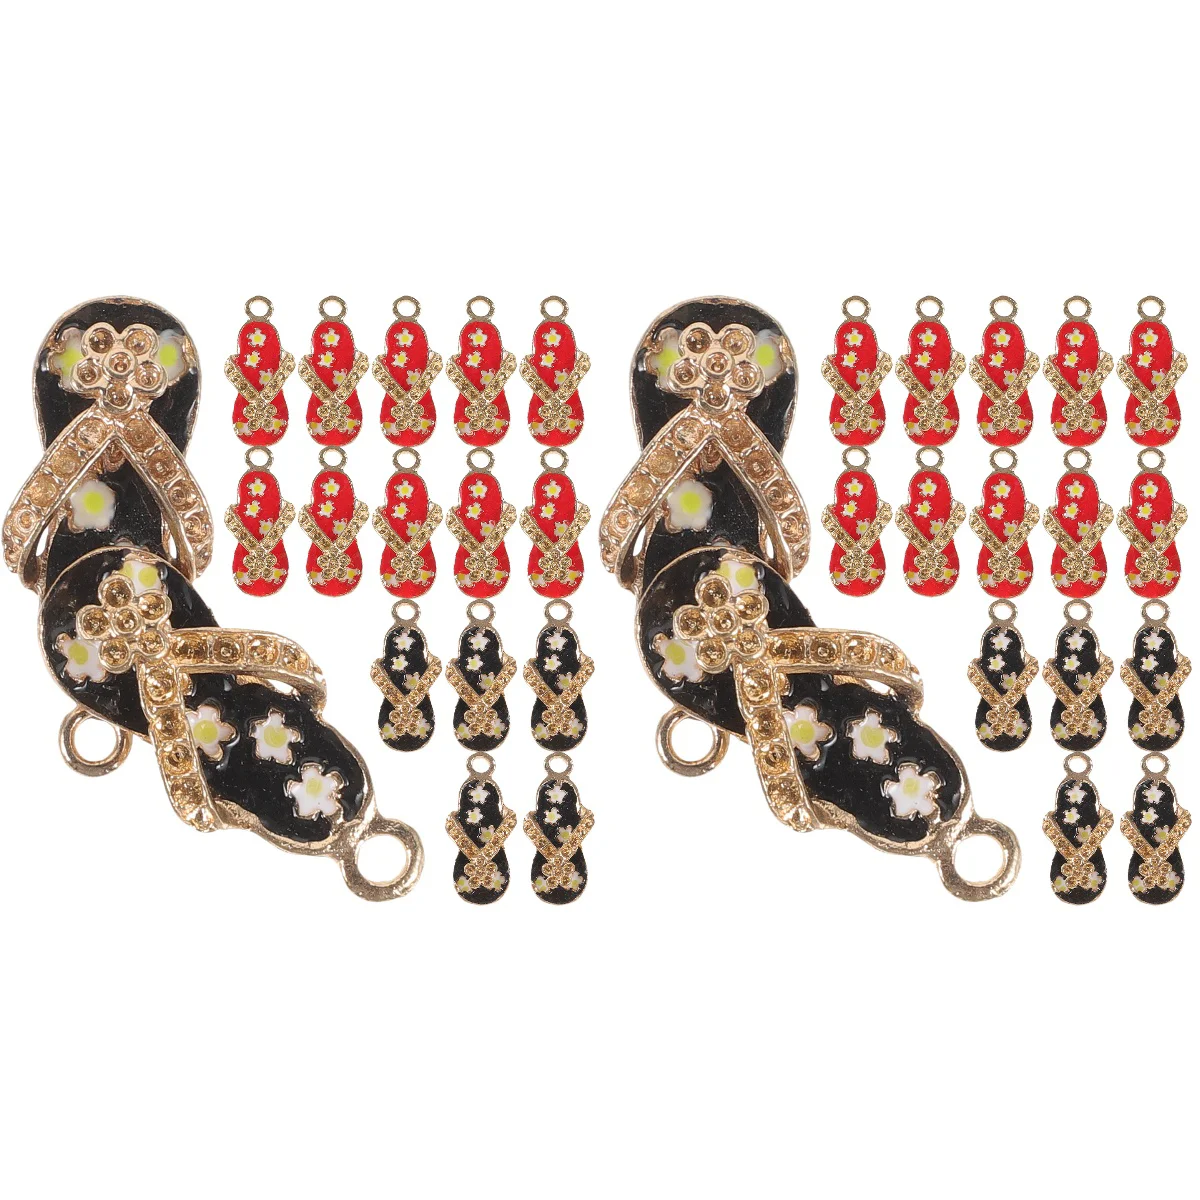 

40 Pcs Summer Crafts Slipper Pendant Ornaments Charm Accessories 2.5x1cm Adorable Necklace Pendants Decors DIY Metal Charms
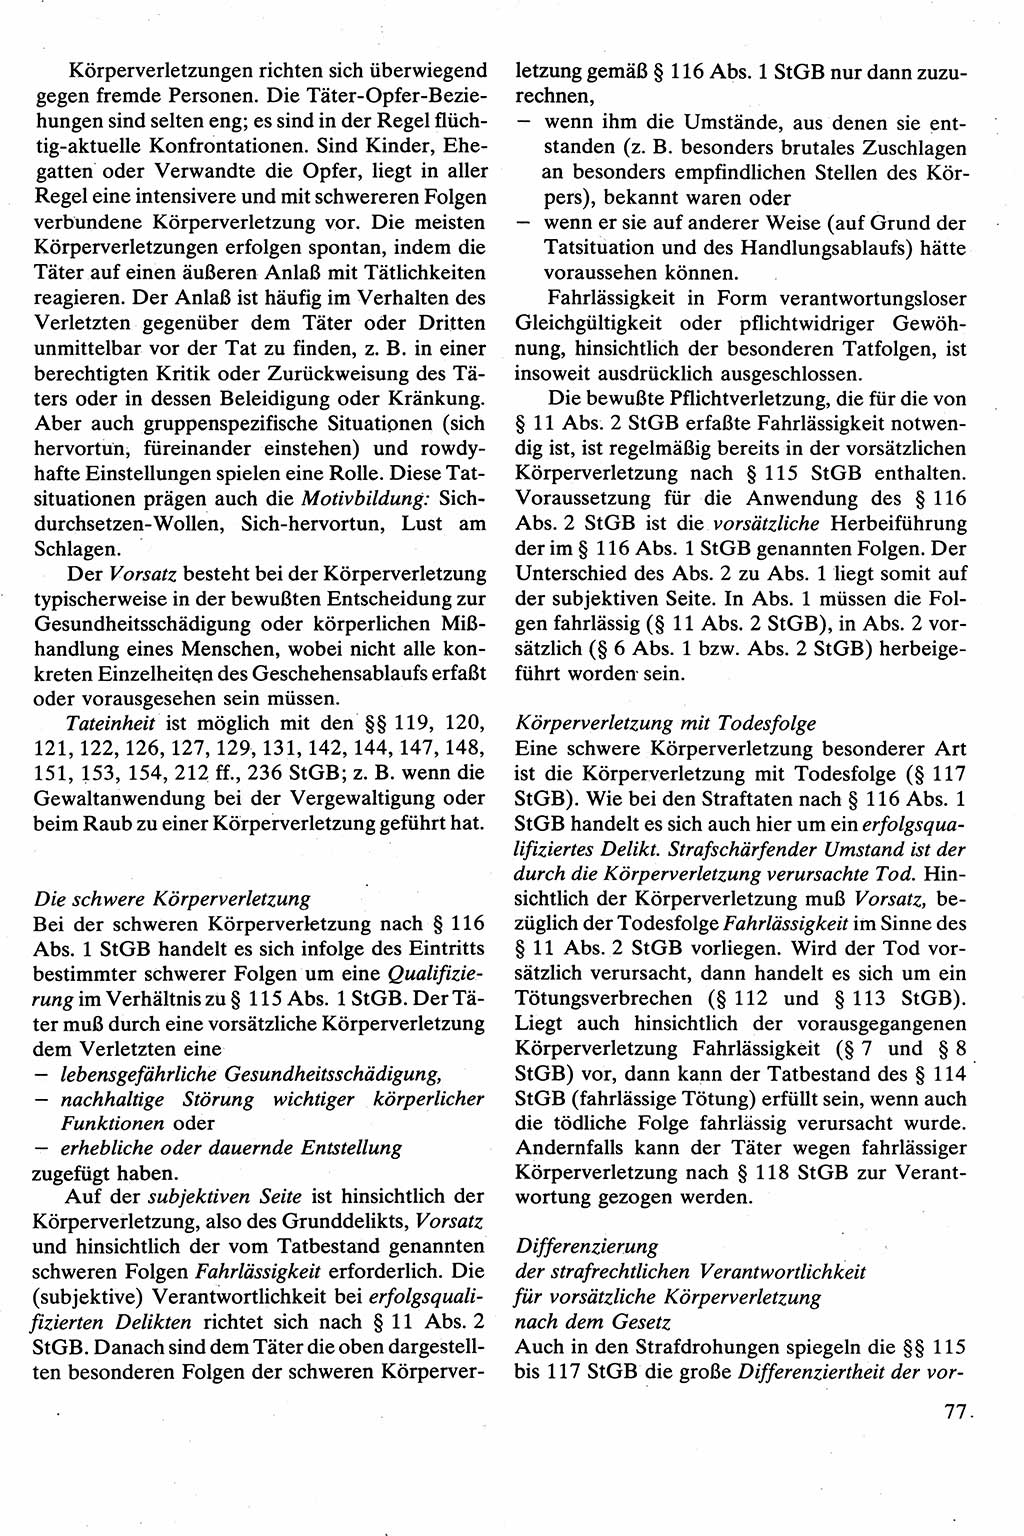 Strafrecht [Deutsche Demokratische Republik (DDR)], Besonderer Teil, Lehrbuch 1981, Seite 77 (Strafr. DDR BT Lb. 1981, S. 77)
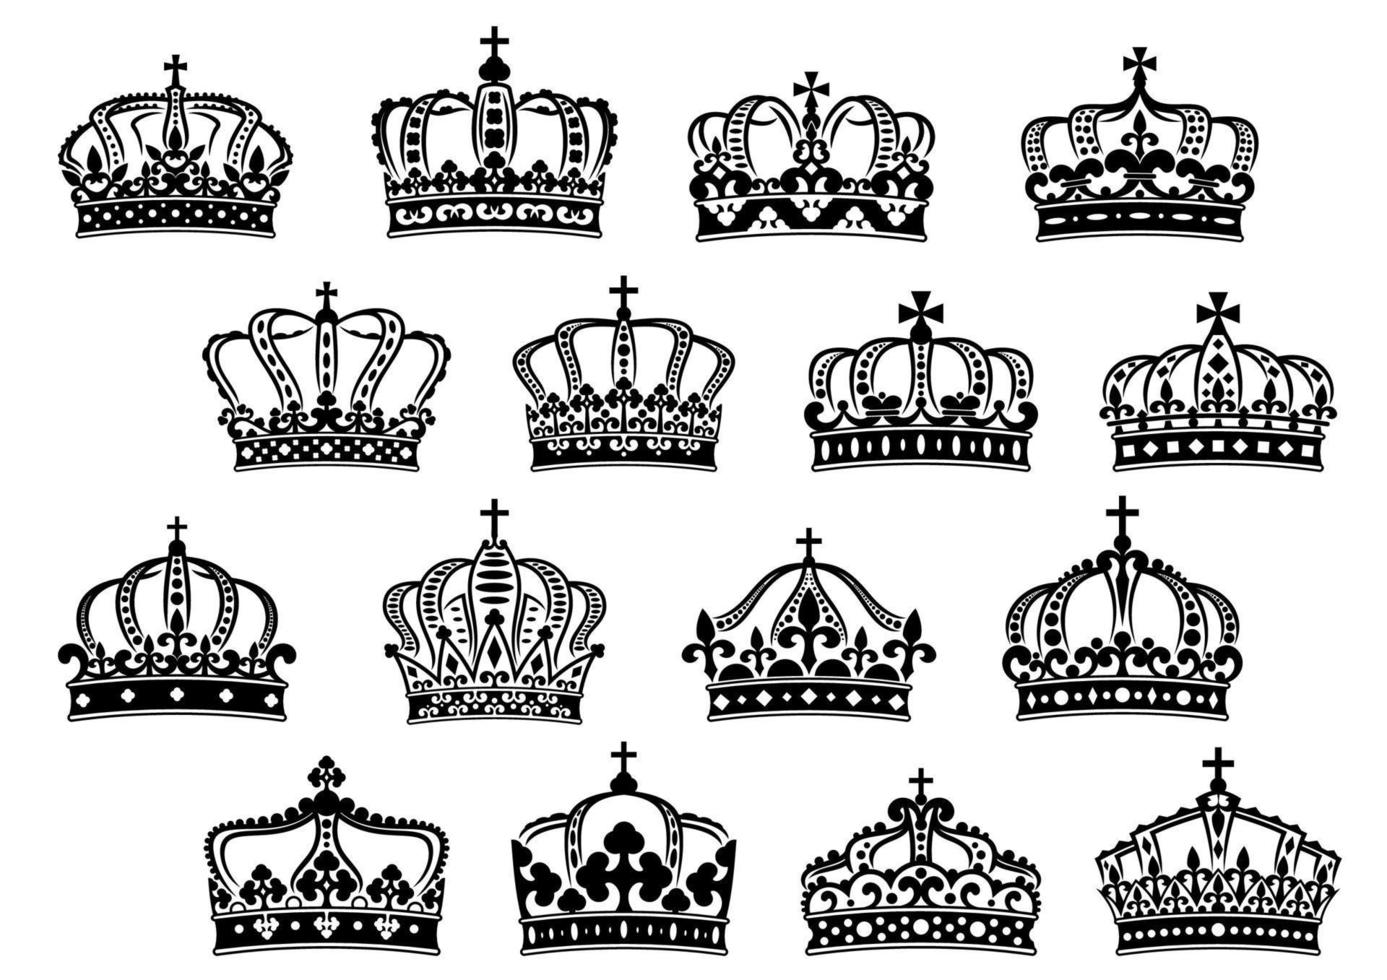 ensemble de couronnes royales ou impériales vecteur

§ **WORK REQUIRED**
Working from the listing above, retype it exactly but include no images.

§ **RESPONSE TO THIS TASK**
40 Pcs Summer Crafts Slipper Pendant Ornaments Charm Accessories 2.5x1cm Adorable Necklace Pendants Decors DIY Metal Charms
 Strafrecht [Deutsche Demokratische Republik (DDR)], Besonderer Teil, Lehrbuch 1981, Seite 77 (Strafr. DDR BT Lb. 1981, S. 77)
 ensemble de couronnes royales ou impériales vecteur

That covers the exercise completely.